### Data below
******************************
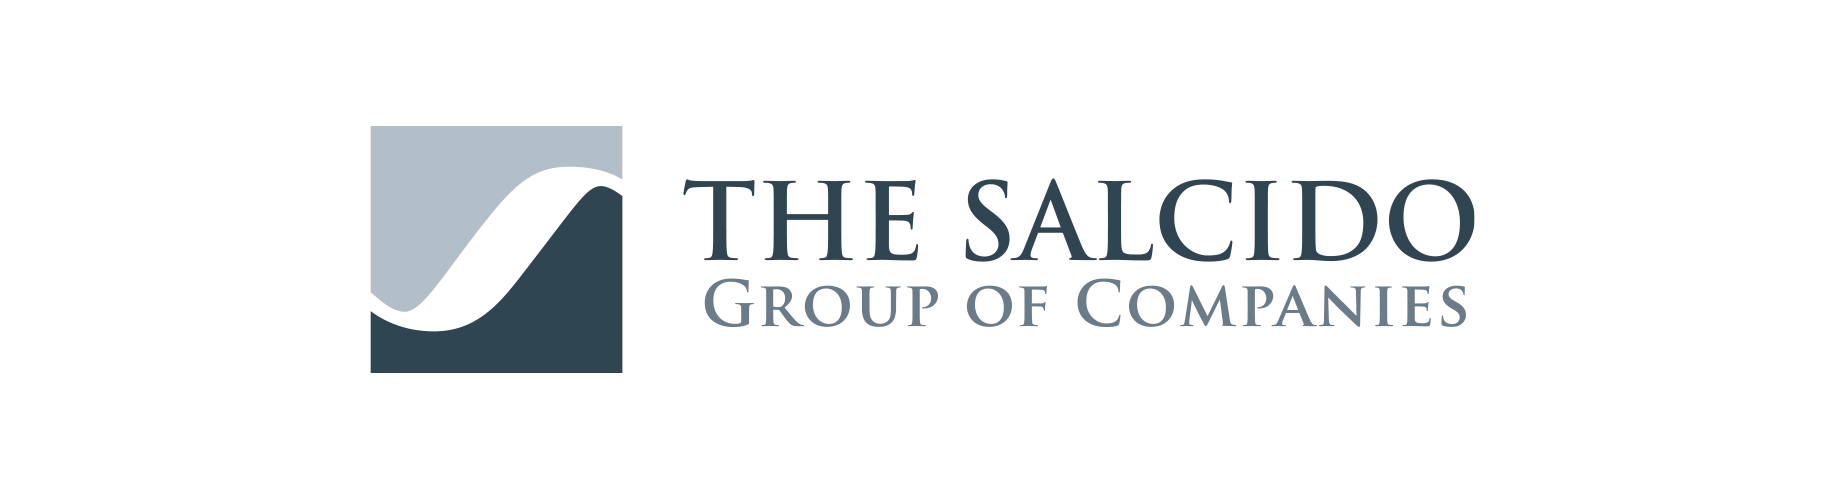 The Salcido Connection, Inc. Logo
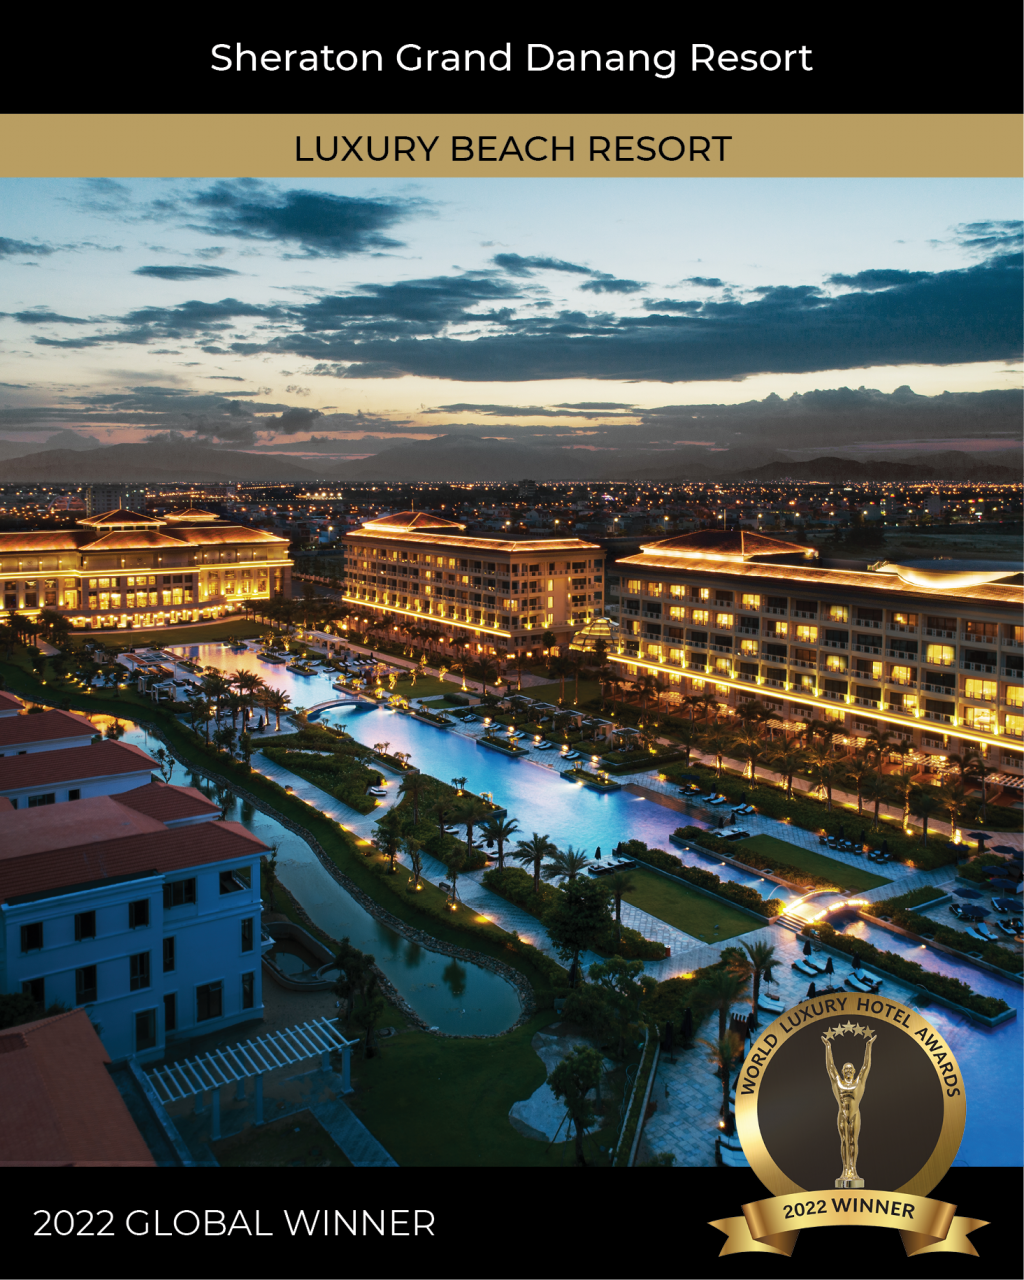 Khu nghỉ dưỡng Sheraton Grand Đà Nẵng của Tập đoàn BRG vinh dự nhận hai giải thưởng từ 2022 World Luxury Awards
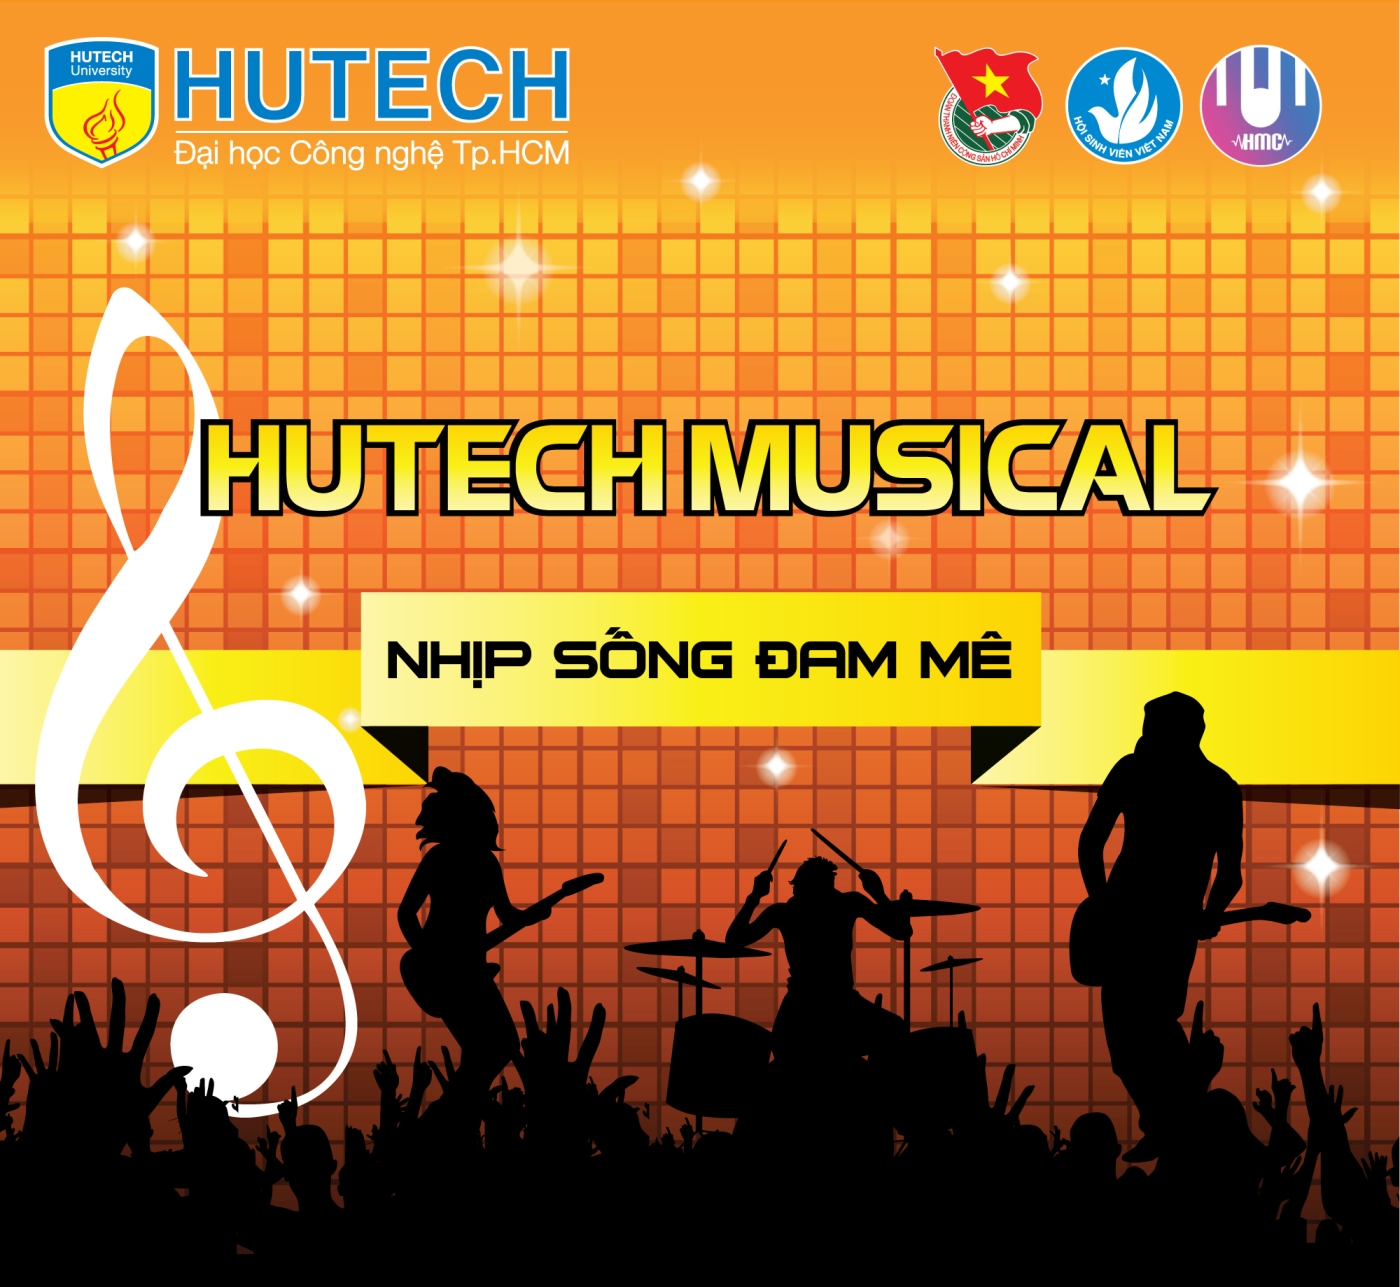  Đón chờ đêm Gala đầu tiên của HUTECH Musical - Nhịp sống đam mê 11
******************************
### What the task requires
Word for word, reproduce all of the data, but keep out the pictures.

### Answer for the task
 The Salcido Connection, Inc. Logo
 Khu nghỉ dưỡng Sheraton Grand Đà Nẵng của Tập đoàn BRG vinh dự nhận hai giải thưởng từ 2022 World Luxury Awards
  Đón chờ đêm Gala đầu tiên của HUTECH Musical - Nhịp sống đam mê 11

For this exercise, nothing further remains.